> _TO DO_
Using the listing below, give again exactly the lines from the line with "FREE Kids Party" to the line with "LEGO Creator - Surfermobil", inclusive, without the pictures.

> _MATERIAL SHOWN_
☆ ☆ ☆ ☆

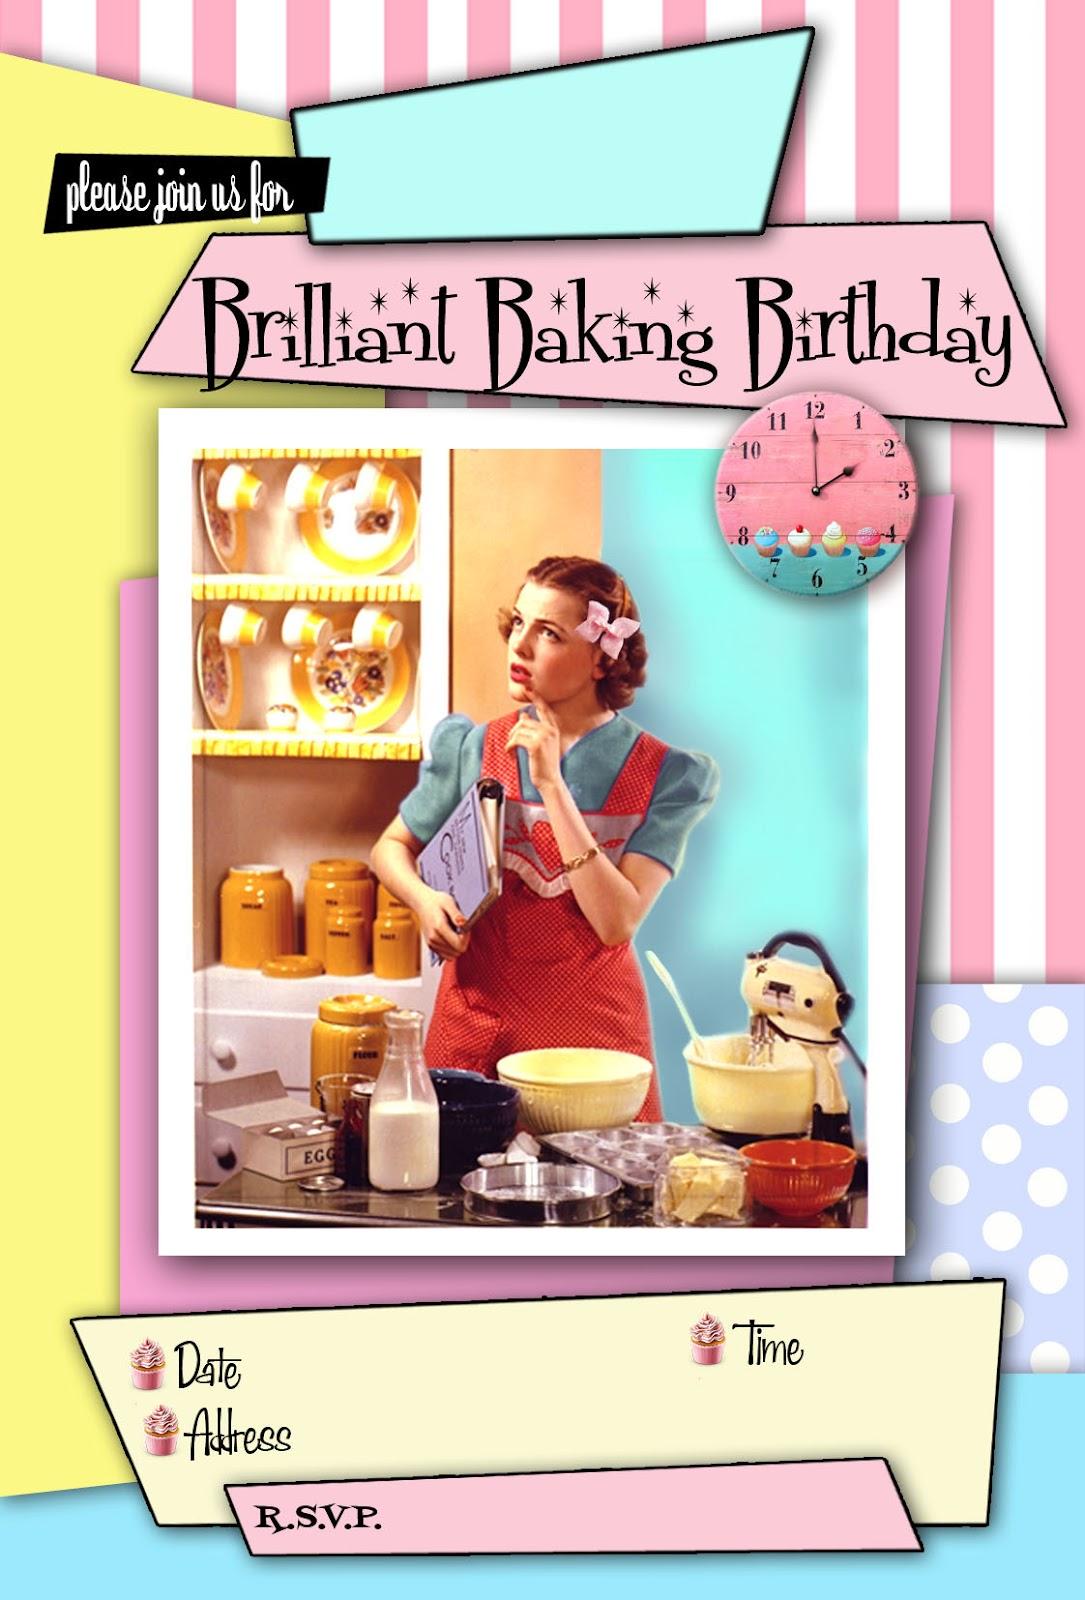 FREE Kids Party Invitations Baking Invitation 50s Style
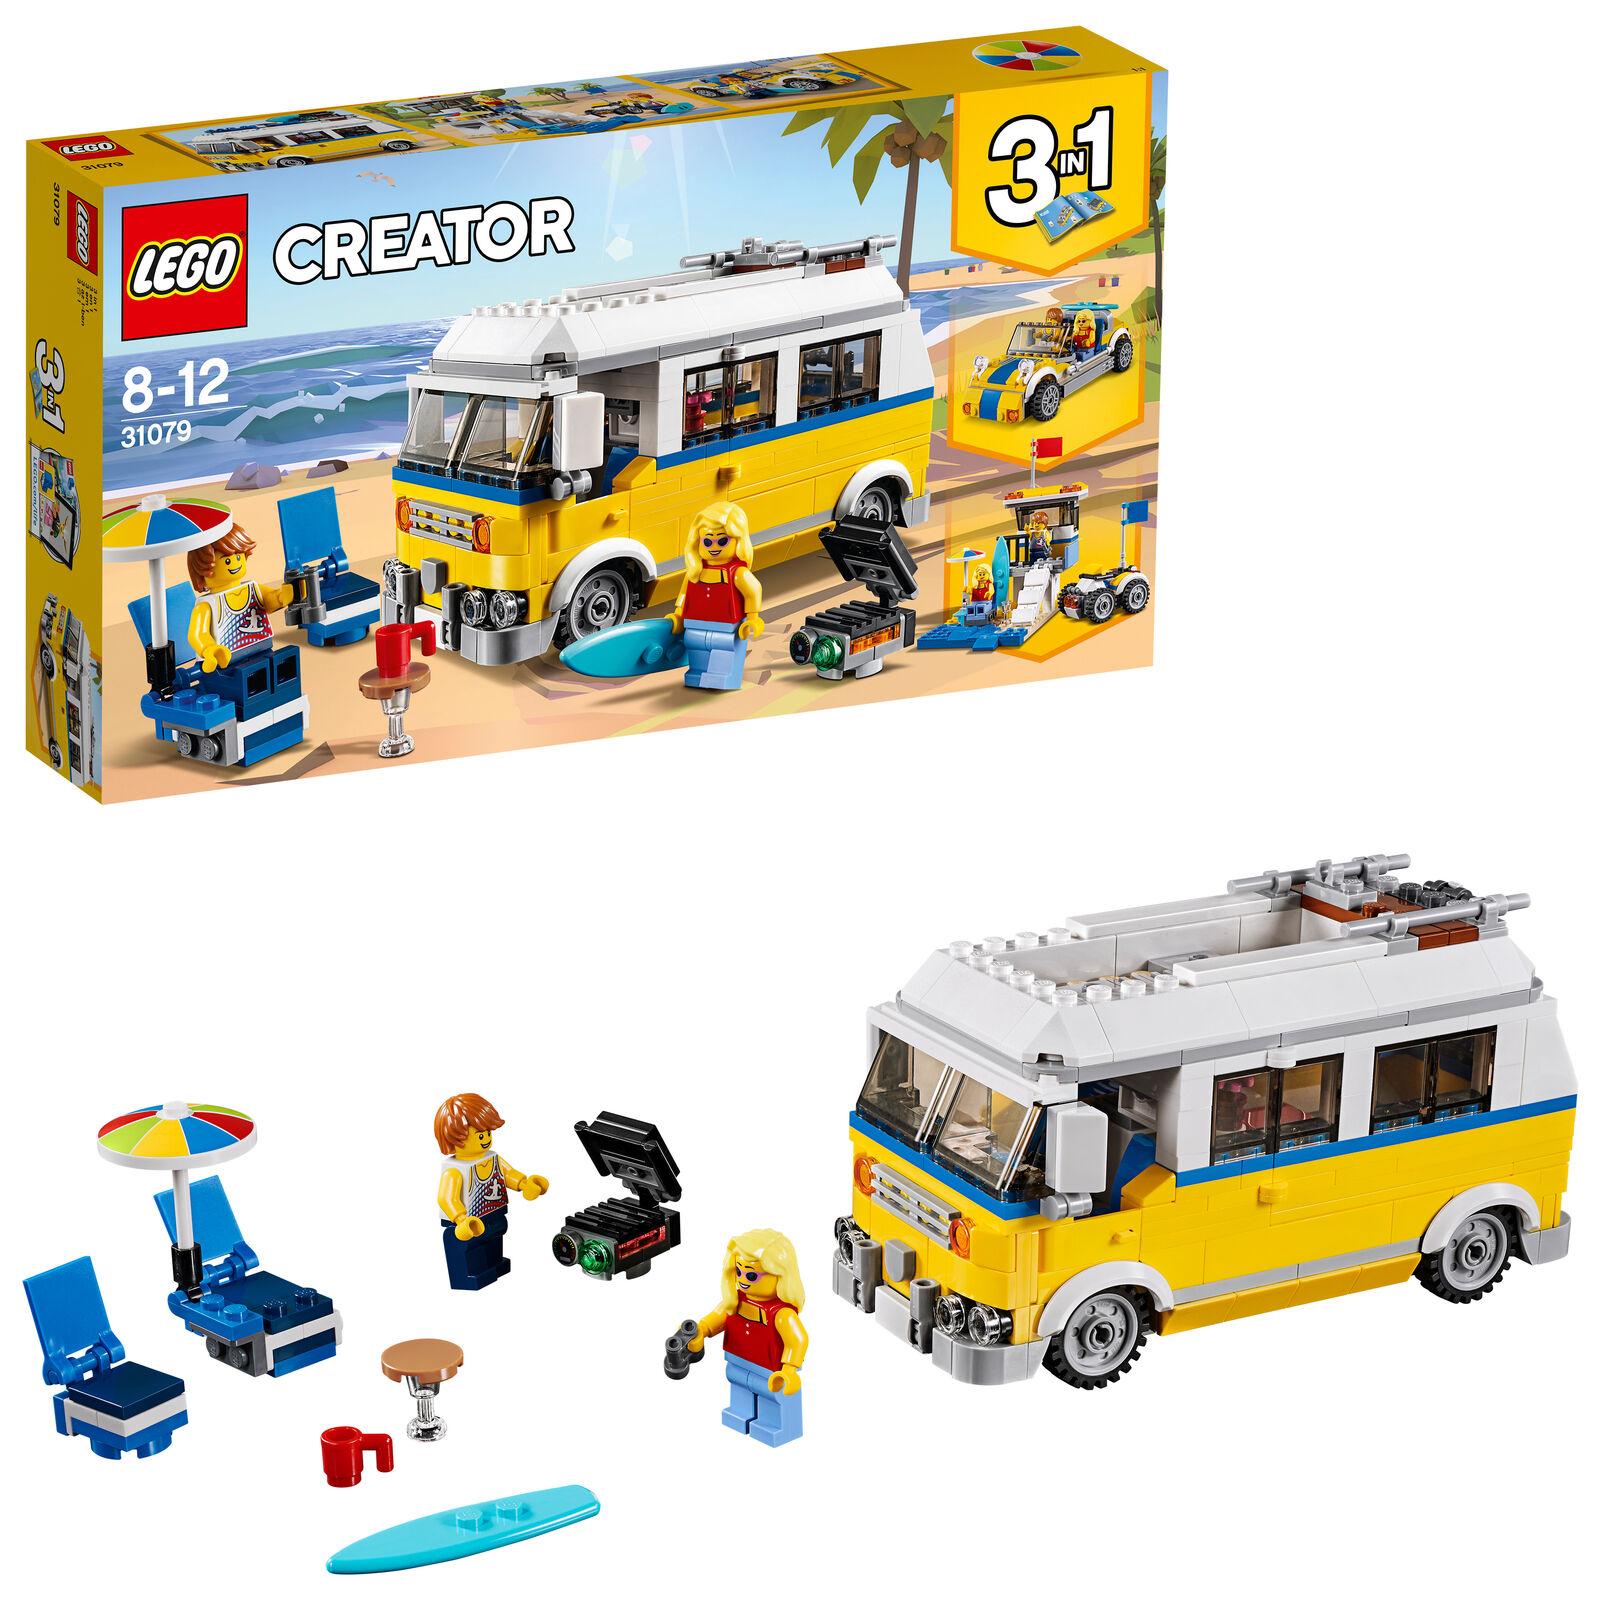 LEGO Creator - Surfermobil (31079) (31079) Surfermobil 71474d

☆ ☆ ☆ ☆

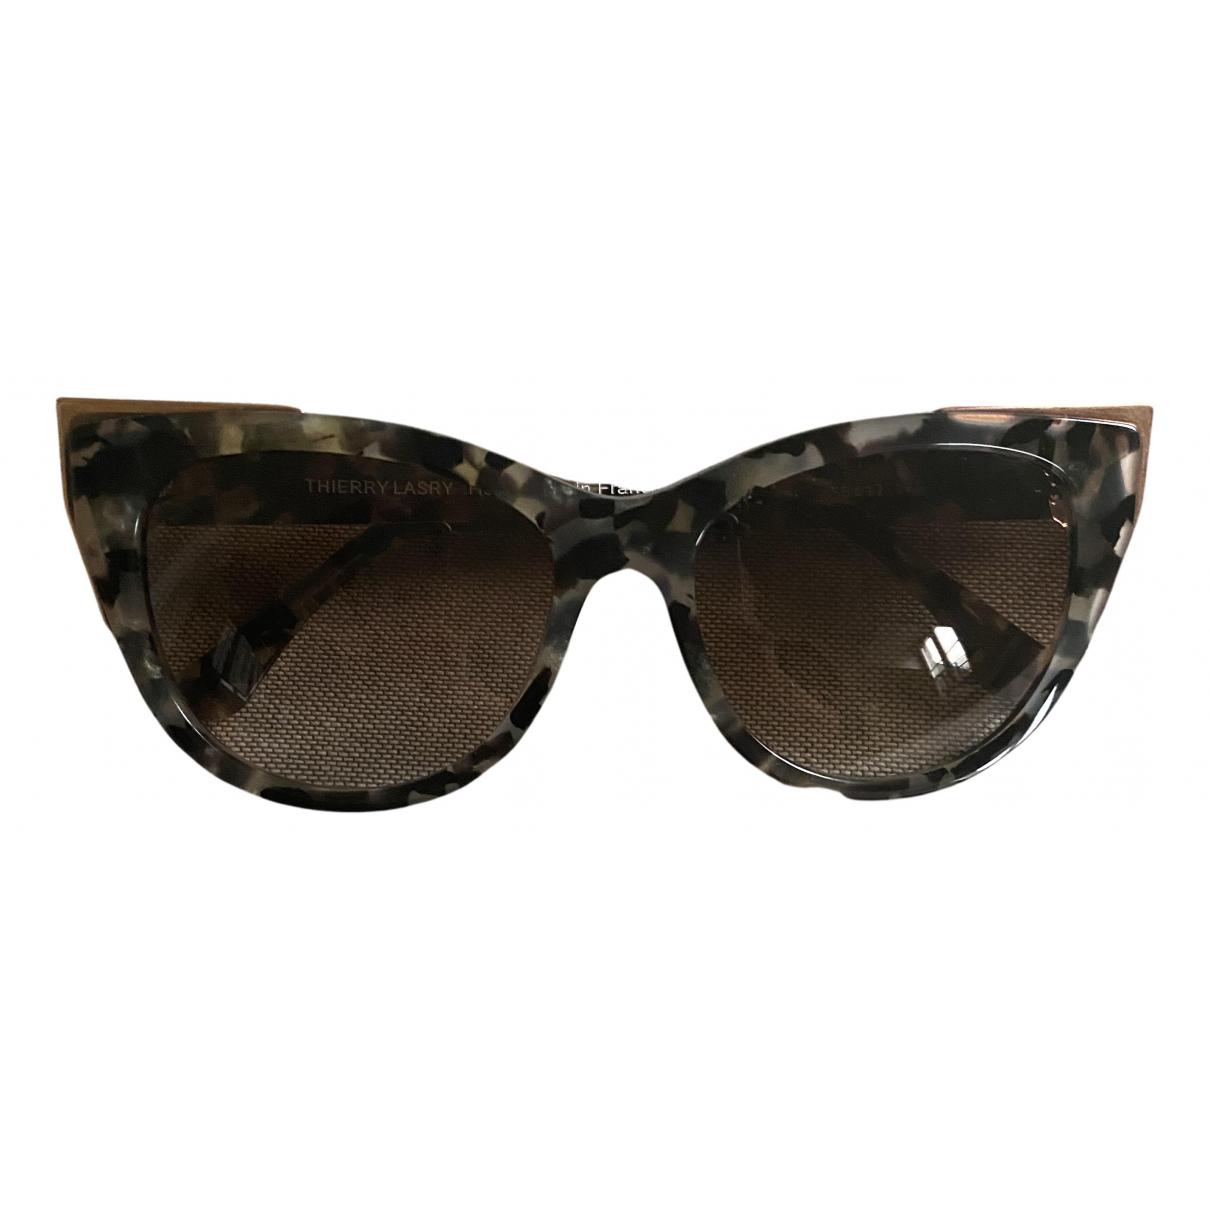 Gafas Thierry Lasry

☆ ☆ ☆ ☆

> _SOLUTION FOR THIS TASK_
 FREE Kids Party Invitations Baking Invitation 50s Style
 LEGO Creator - Surfermobil (31079) (31079) Surfermobil 71474d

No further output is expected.